- **Supplied material**

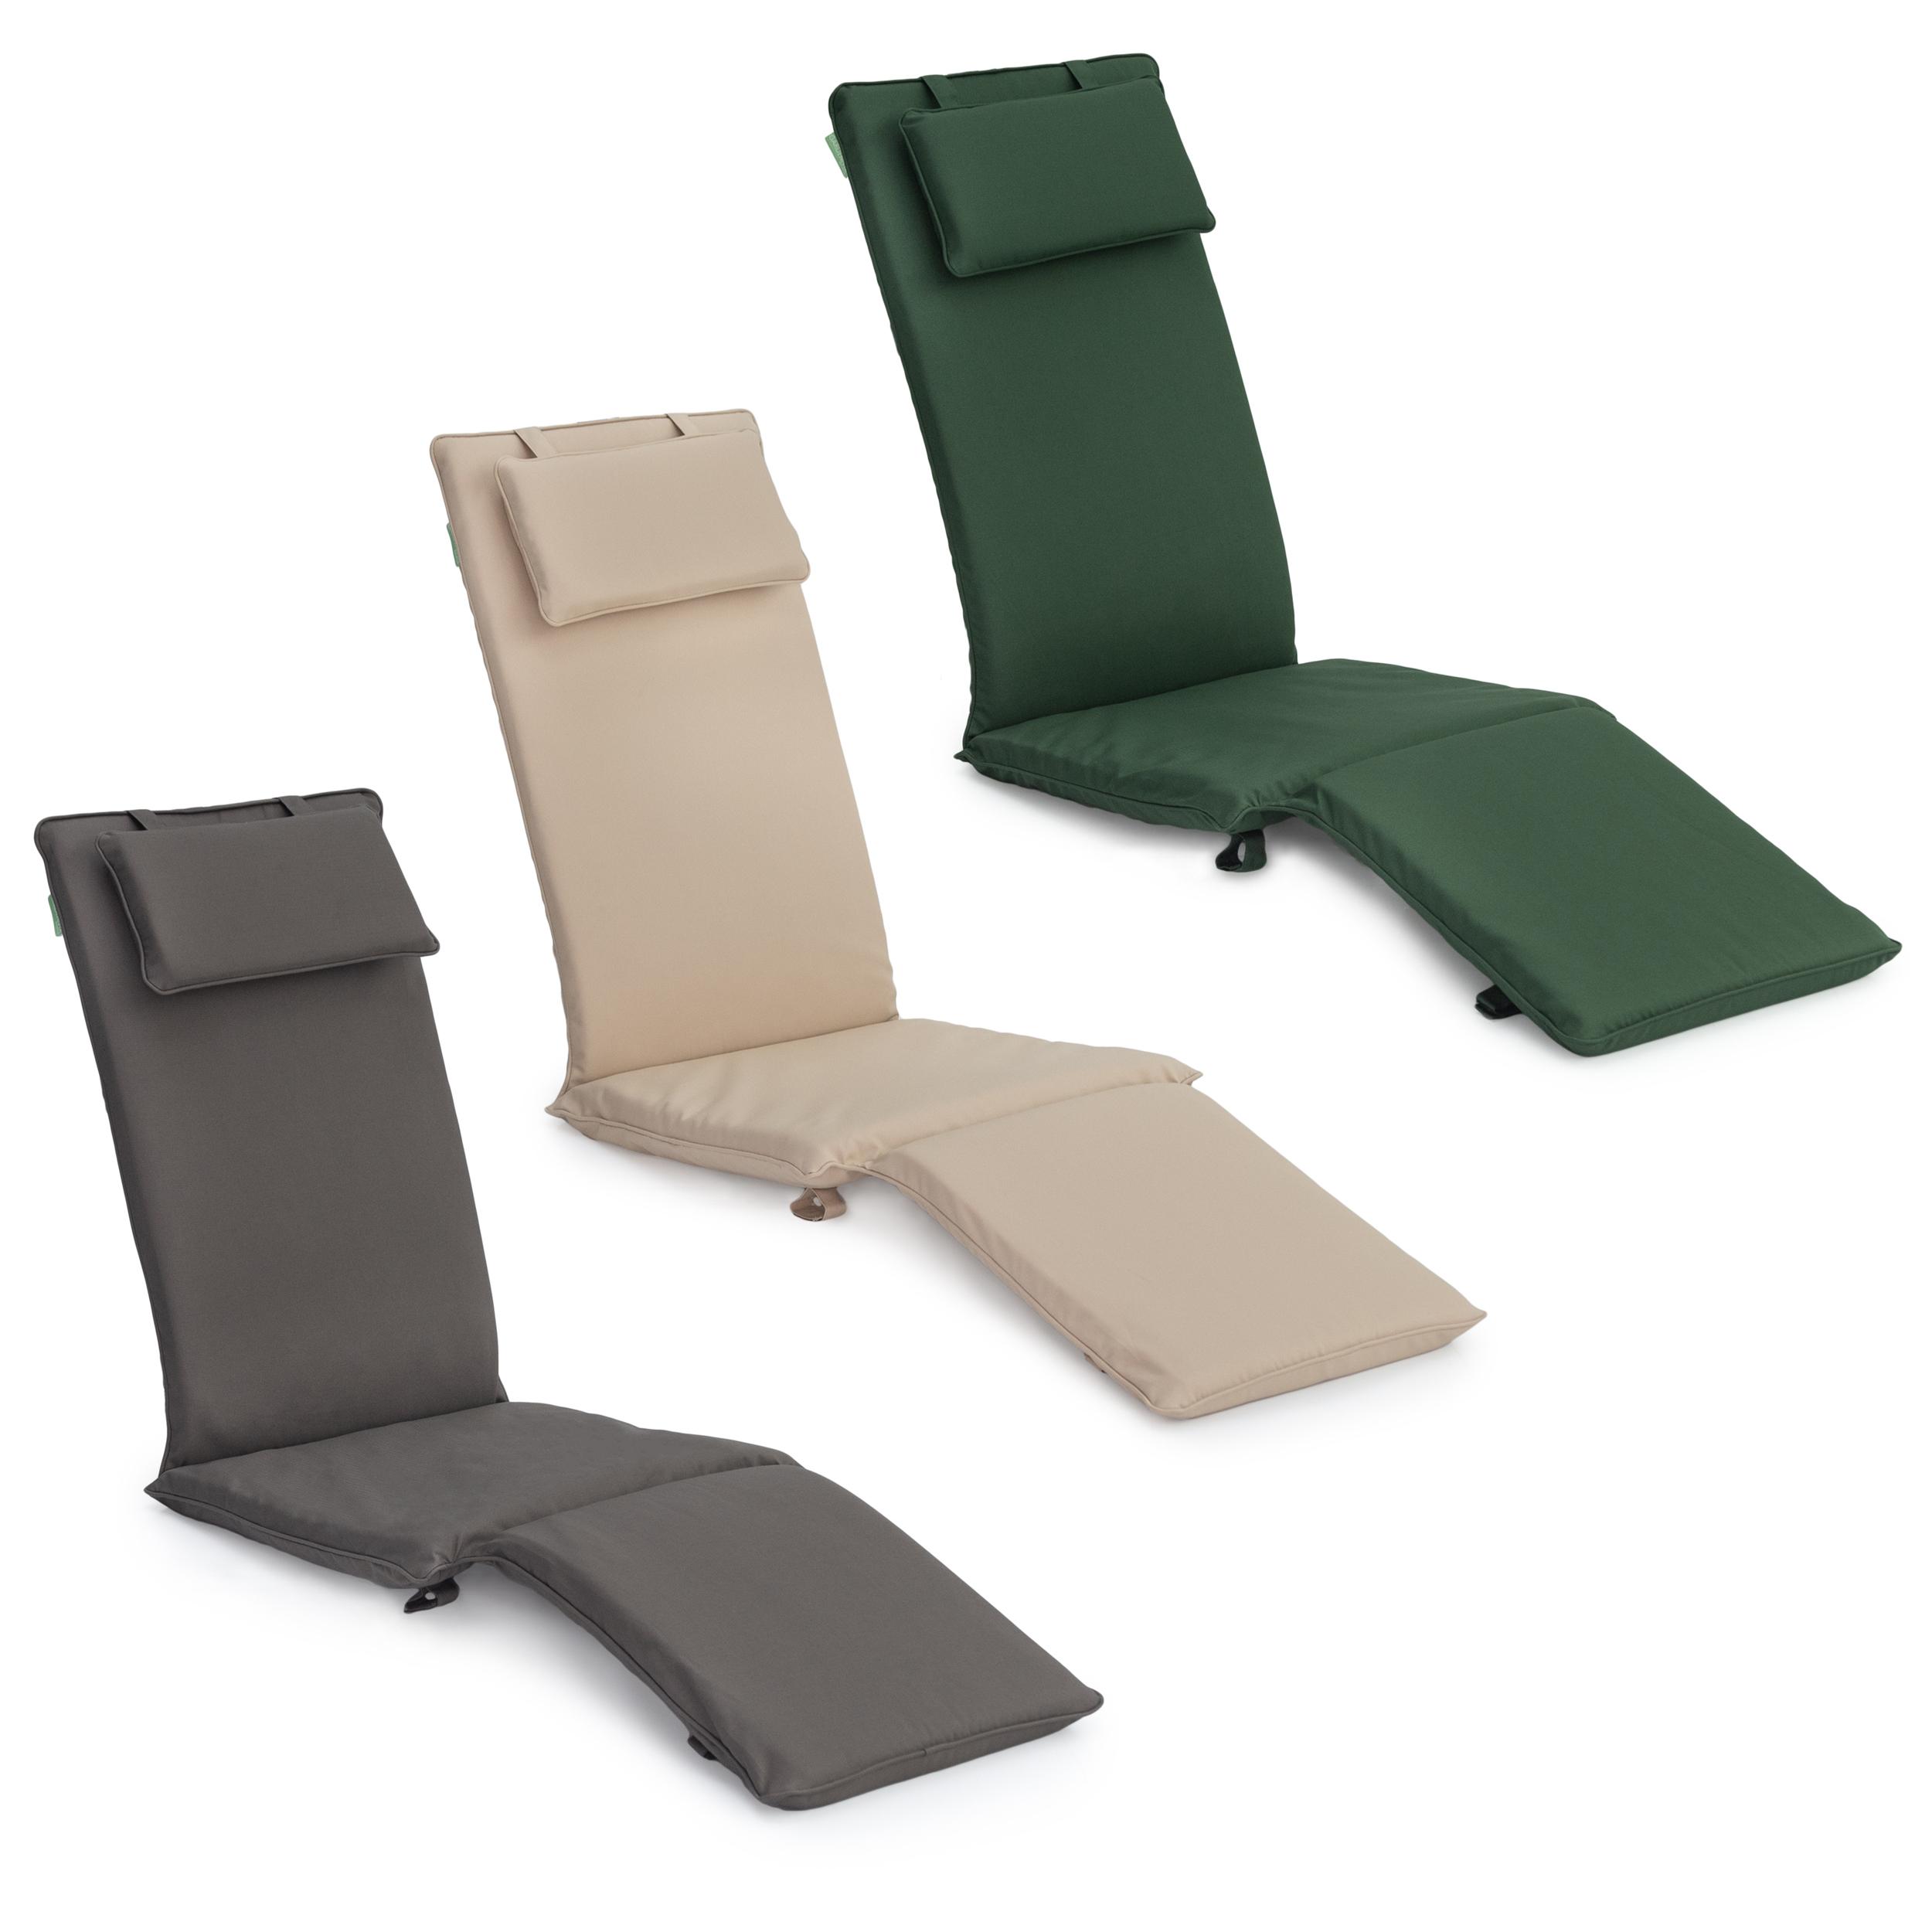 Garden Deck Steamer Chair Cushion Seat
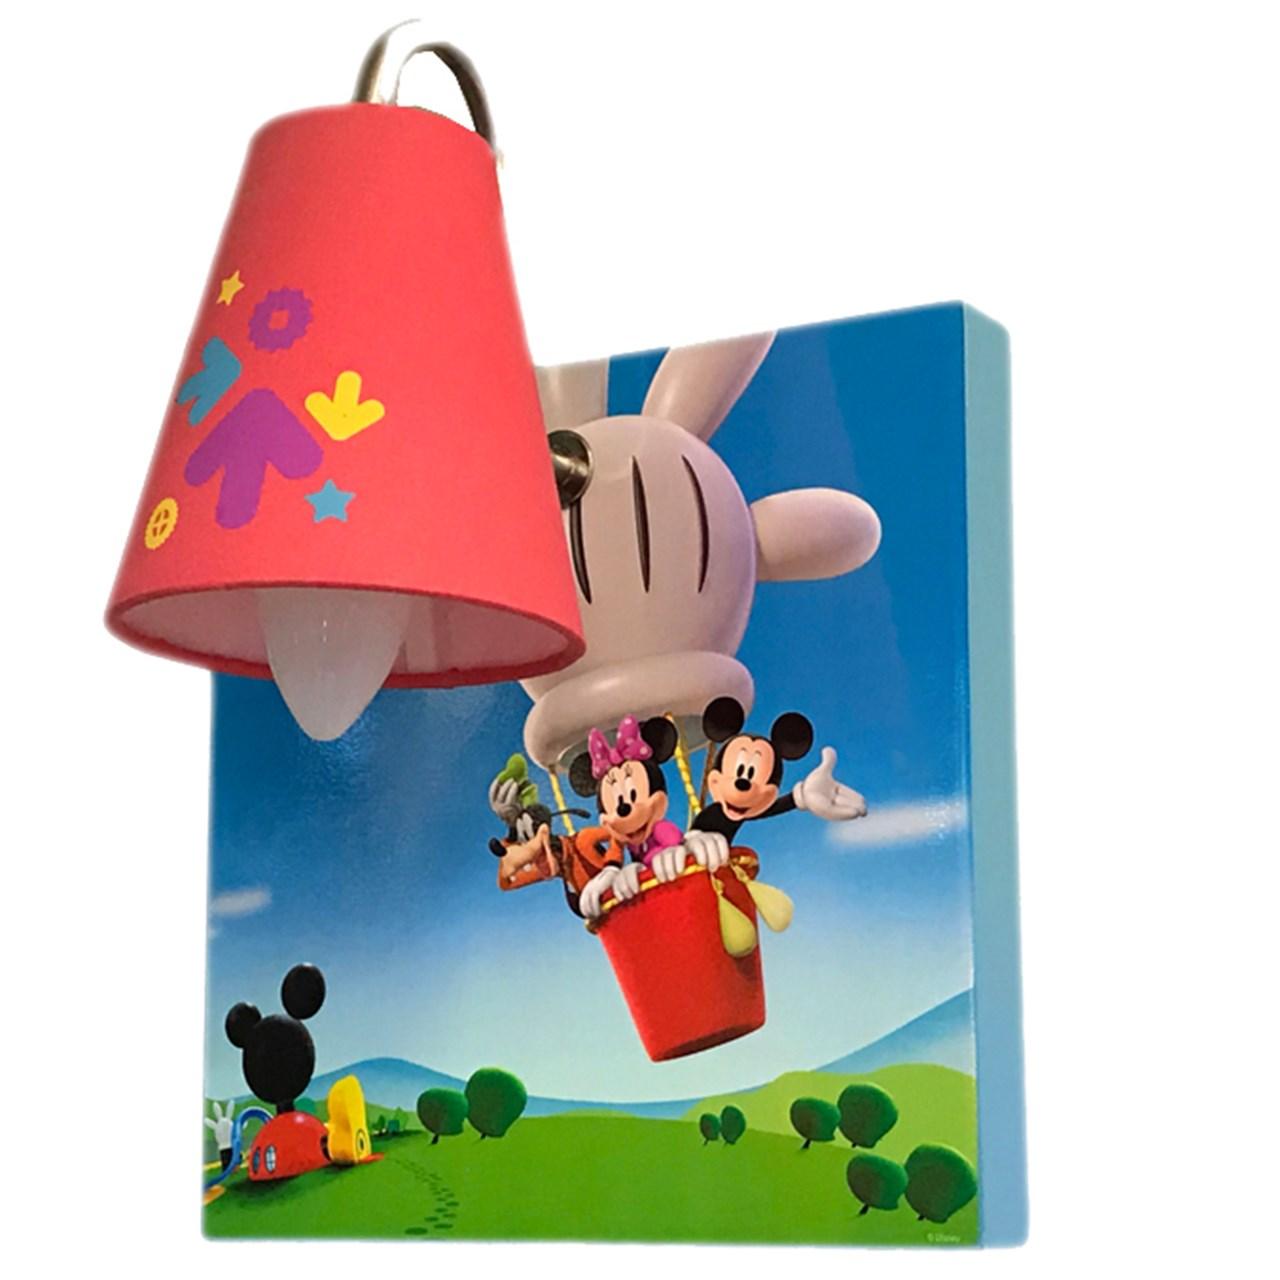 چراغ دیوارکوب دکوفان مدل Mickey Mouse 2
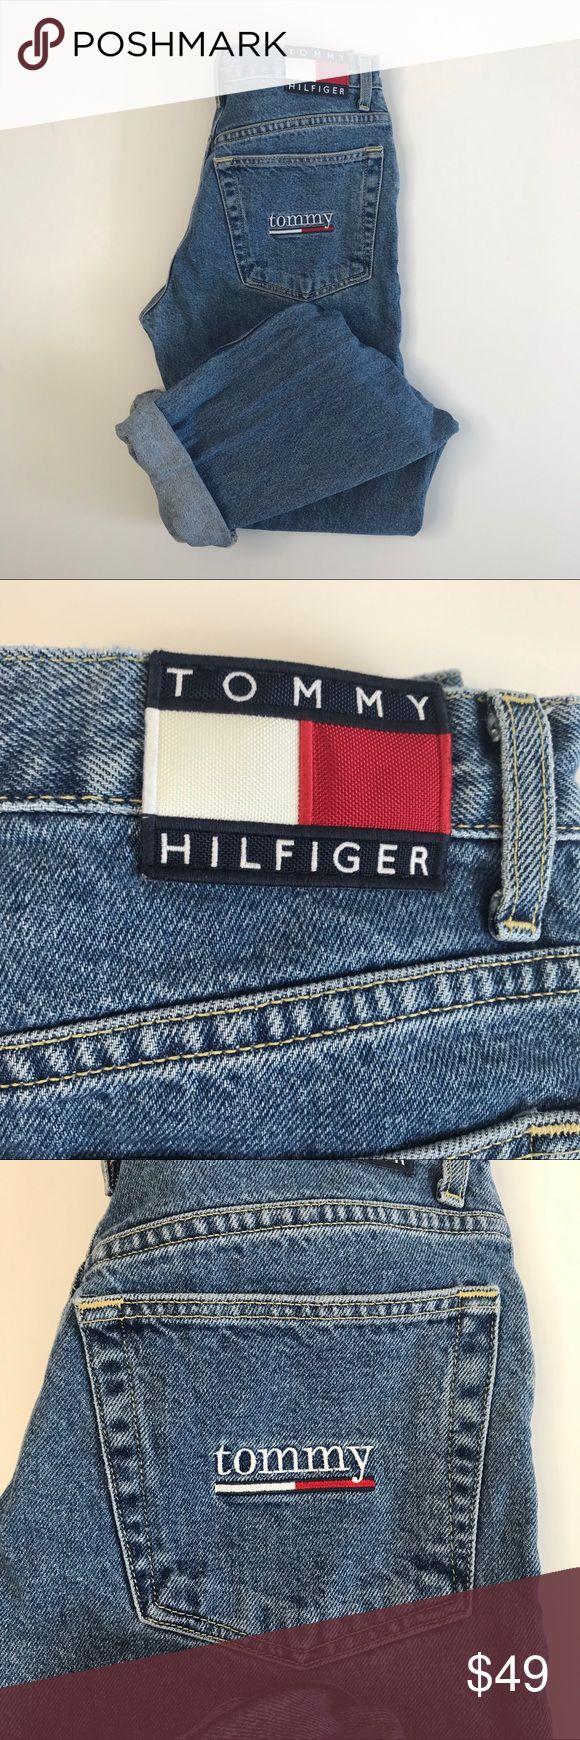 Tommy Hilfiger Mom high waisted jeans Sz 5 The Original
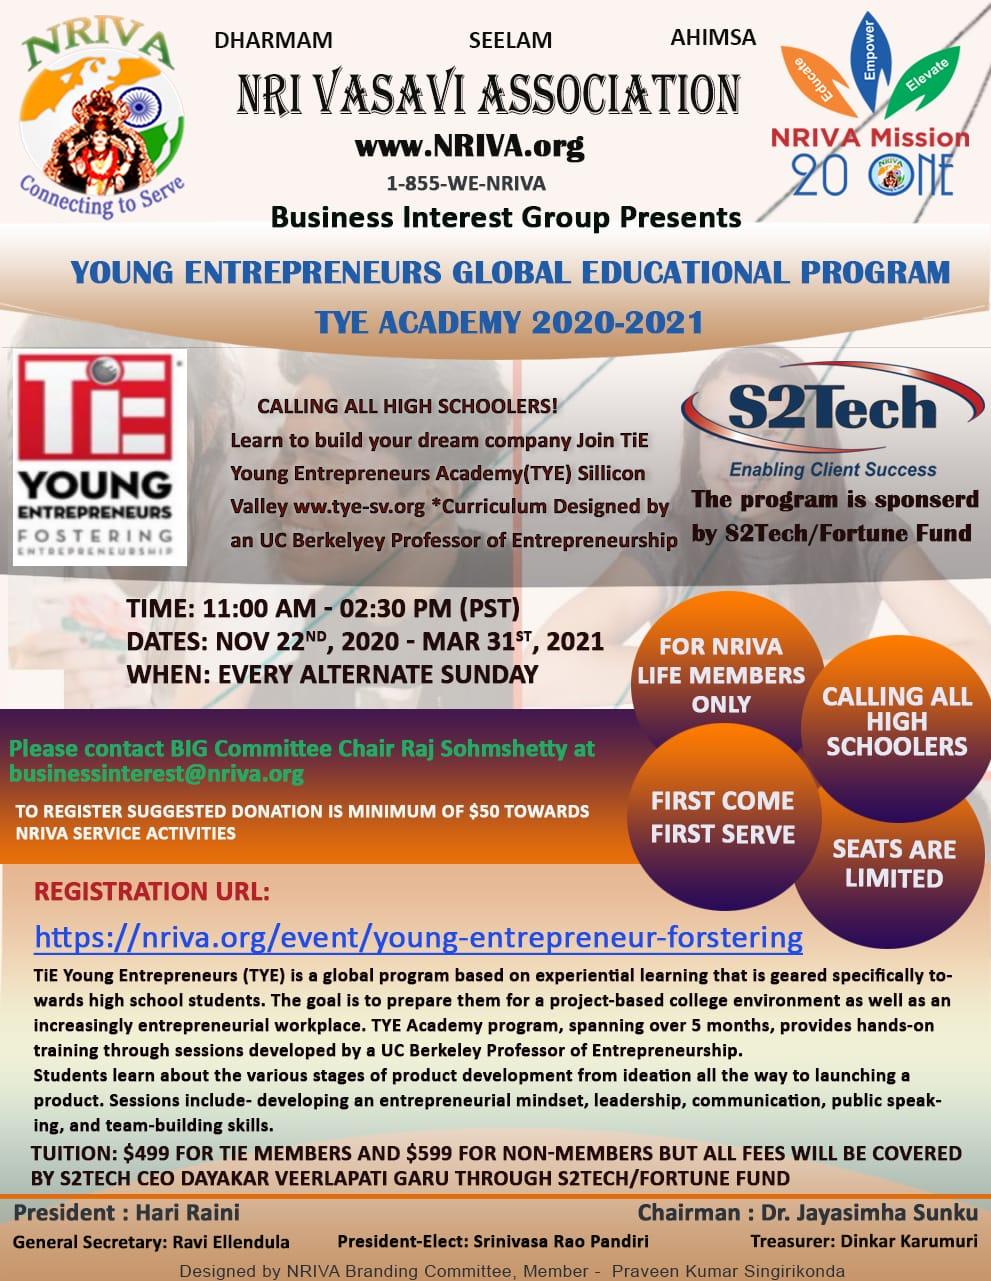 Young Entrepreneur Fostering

- **Problem to work on**
Line by line and exactly, write out the material above. Skip the pictures.

- **Answer area**
 Garden Deck Steamer Chair Cushion Seat
 چراغ دیوارکوب دکوفان مدل Mickey Mouse 2
 Tommy Hilfiger Mom high waisted jeans Sz 5 The Original
 Young Entrepreneur Fostering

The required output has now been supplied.